Kini Tribun Lampung dipimpin Ridwan Hardiansyah. Ridwan alias One ini pernah jadi sekretaris Aliansi Jurnalis Independen (AJI) Bandar Lampung. One nyaris setahun ini jadi pemred. Ia sudah haji beberapa tahun lampau. Ia dipilih karena terbilang sukses membawa korannya mendapatkan banyak duit dari media online. Selain itu tentu saja soal mutu keredaksian.
Tribun kini, di tangan One, sudah merambah Youtube dan Facebook. Berita berbasis video mereka sudah banyak diunggah. Bahkan sejak beberapa tahun lalu. Di saat ada surat kabar yang galau dengan masa depannya, Tribun sudah ambil sikap jelas.
Mereka bahkan sudah siap jika benar-benar ditutup versi korannya. Semua jenis pekerjaan yang berbasis cetak sudah dialihkan. Pekerja yang banyak berkutat mengurus koran, sudah dilatih untuk urusan digital. Mobil boks yang dulu tiap hari angkut koran, sudah banyak tidak ada. Kabarnya sih dijual. Duitnya masuk kas perusahaan.

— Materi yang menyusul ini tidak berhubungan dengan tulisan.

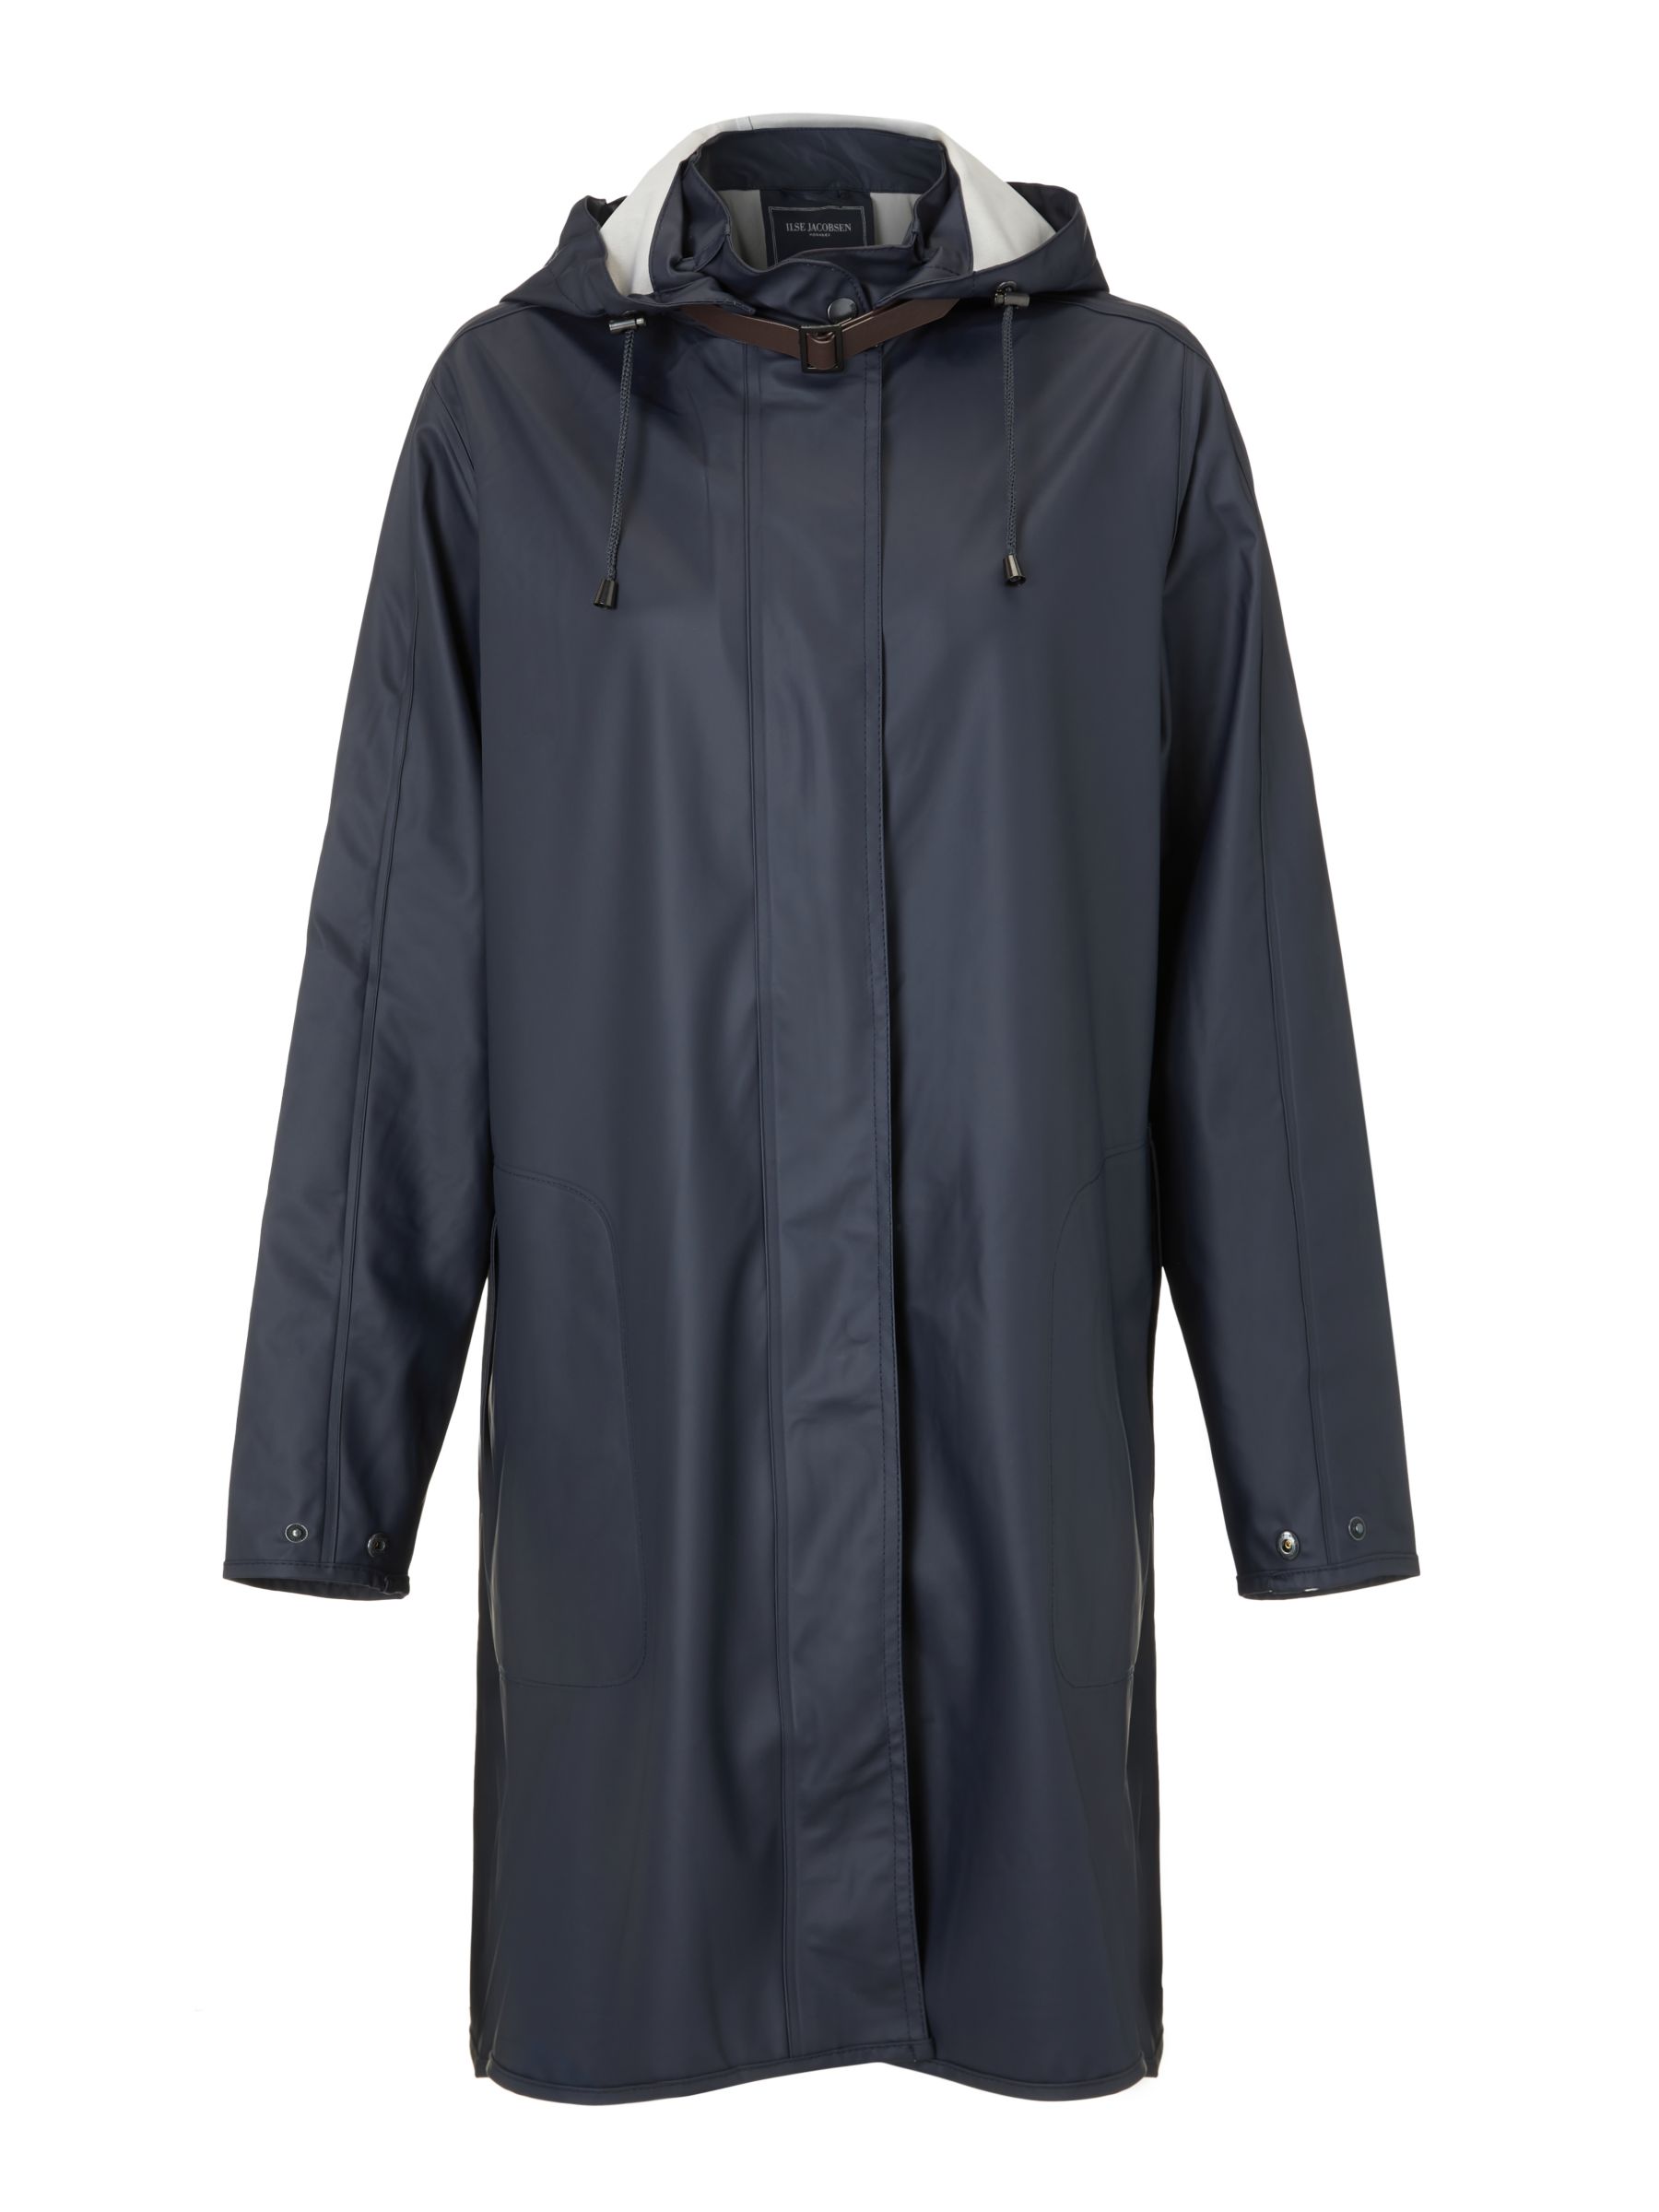 Ilse Jacobsen Hornbæk A-Line Raincoat, Dark Indigo at John Lewis & Partners

Lantas, apa dengan begini mereka rugi? Ya enggak dong. Justru malah tambah untung. Ongkos produksi koran mereka sedikit. Hemat-hemat untuk urusan media konvensional ini. Mereka lebih banyak ambil ceruk dari dunia maya baik lewat Facebook maupun Youtube serta peluang lain dari dunia maya.
Siniar atau podcast juga mereka urus dengan baik. Benar-benar rasa online dan milenial. Maka itu, mereka kini makin siap untuk totalitas hidup dari capaian online alias daring.